Segment Start: Data supplied
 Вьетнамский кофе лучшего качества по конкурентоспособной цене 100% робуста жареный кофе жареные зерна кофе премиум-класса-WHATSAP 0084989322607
Segment End: Data supplied
Segment Start: Data supplied
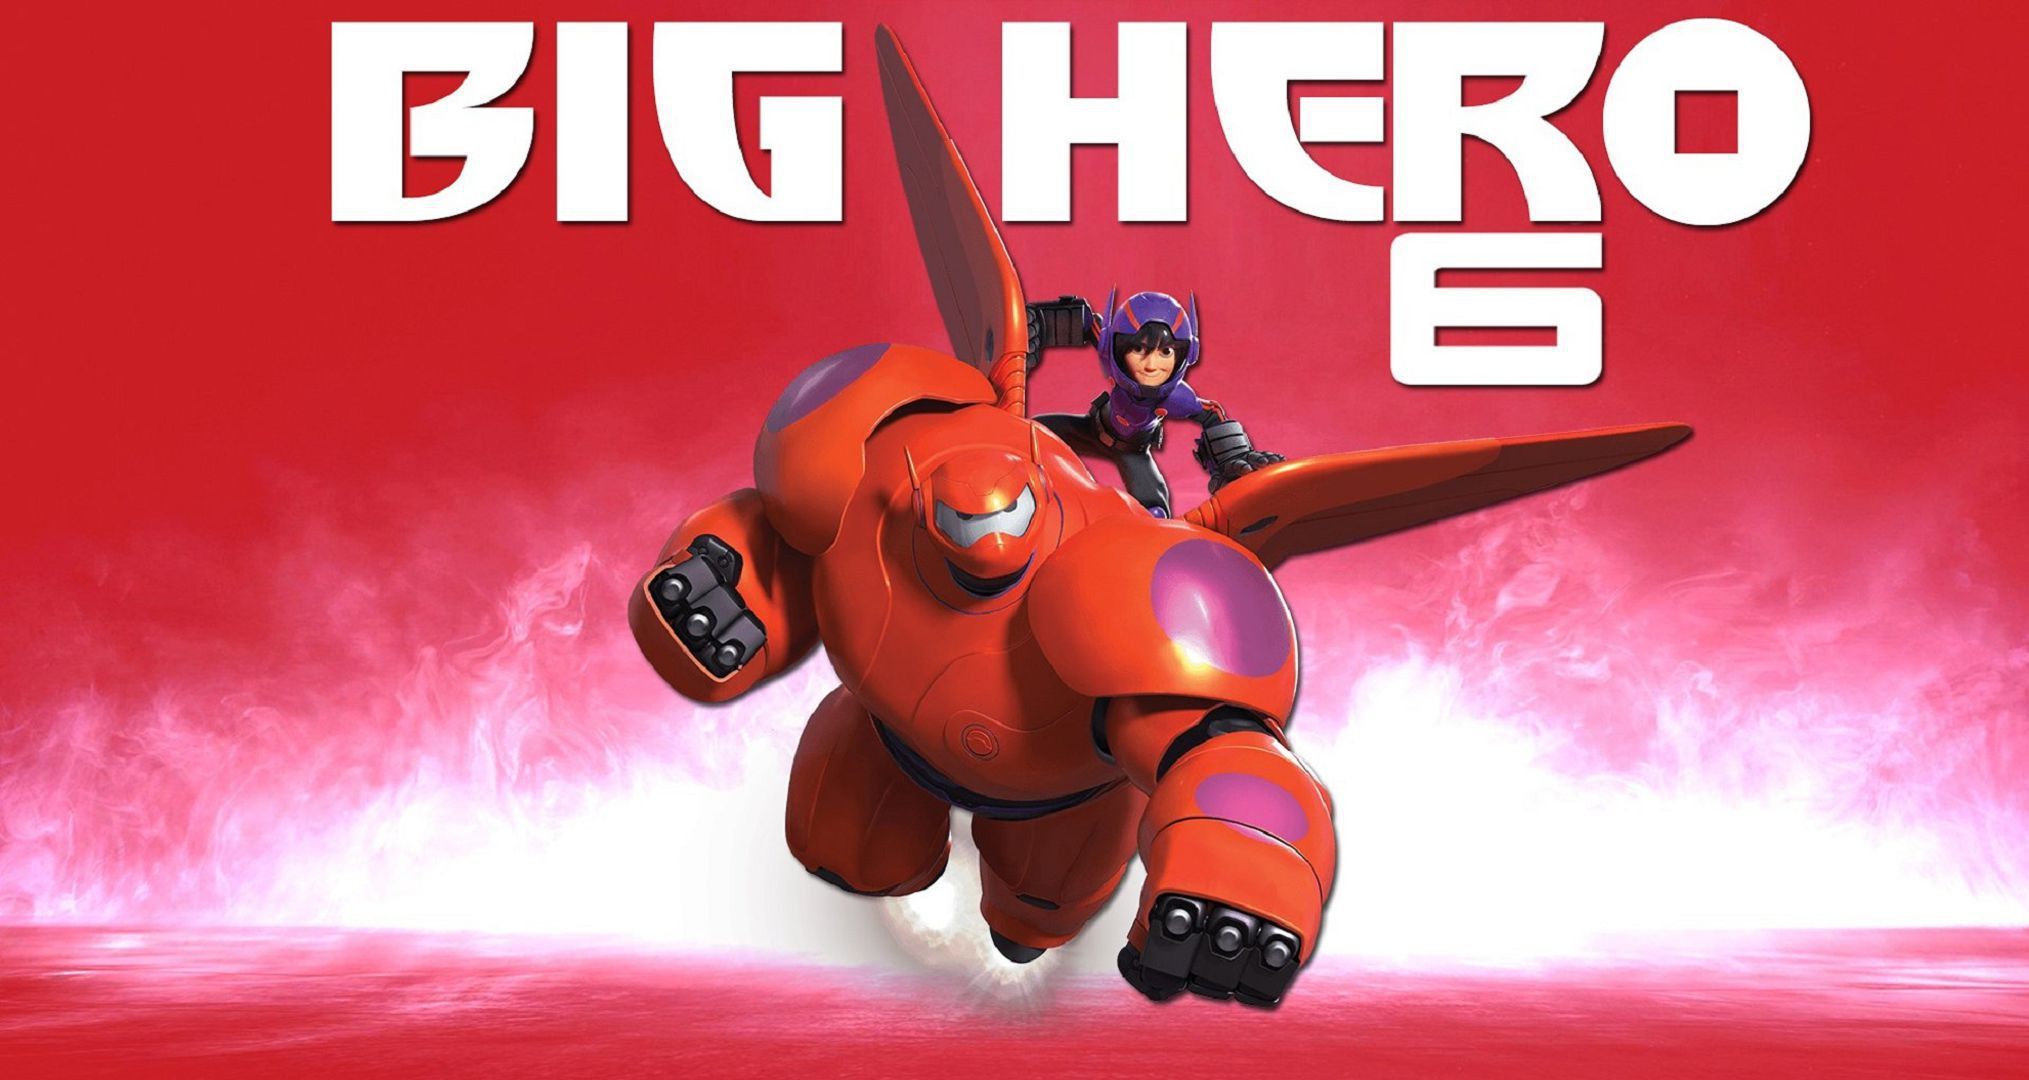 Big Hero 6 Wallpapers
Segment End: Data supplied
Segment Start: Data supplied
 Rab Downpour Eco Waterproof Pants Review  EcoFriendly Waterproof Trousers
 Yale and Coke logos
Segment End: Data supplied
__Goal of the exercise__
Within the listing above, extract exactly the lines from the line with "Rab Downpour Eco" to the line with "Yale and Coke logos", the two named lines included, and no others.

__Finished exercise__
 Rab Downpour Eco Waterproof Pants Review  EcoFriendly Waterproof Trousers
 Yale and Coke logos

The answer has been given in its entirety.